§ **WHAT NEEDS TO BE DONE**: In the entries below, find the line with "Comprar Casa /" and the line with "Logotipos das equipes da NBA"; give again those lines and every line between them, exactly.

§ **GIVEN RECORDS**:
↓

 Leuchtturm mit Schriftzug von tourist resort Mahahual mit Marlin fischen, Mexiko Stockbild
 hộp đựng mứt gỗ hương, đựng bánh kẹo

↑
↓

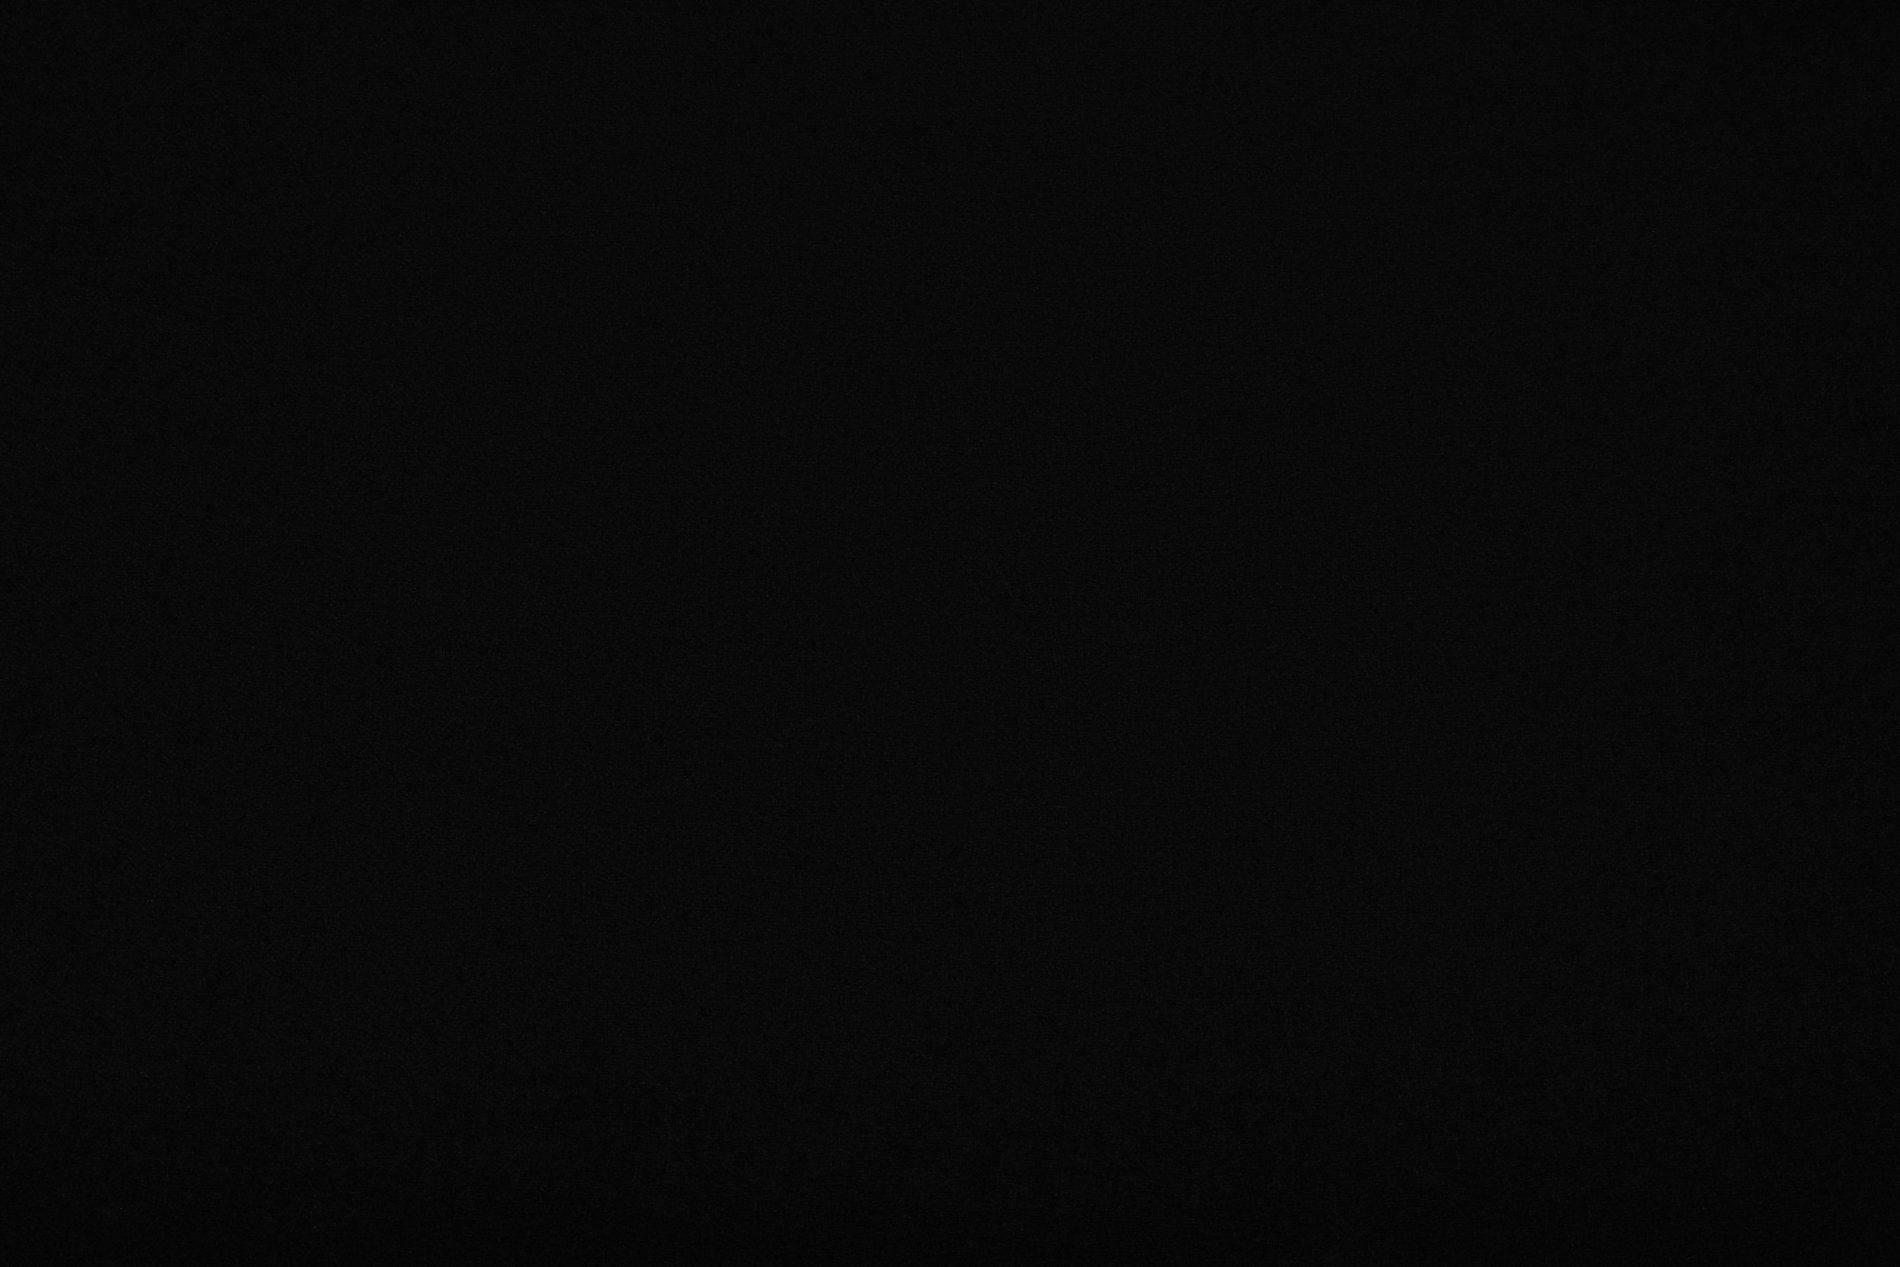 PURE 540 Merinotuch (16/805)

↑
↓

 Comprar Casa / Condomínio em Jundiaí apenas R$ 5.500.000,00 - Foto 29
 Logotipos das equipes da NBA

↑

§ **ANSWER SECTION**:
 Comprar Casa / Condomínio em Jundiaí apenas R$ 5.500.000,00 - Foto 29
 Logotipos das equipes da NBA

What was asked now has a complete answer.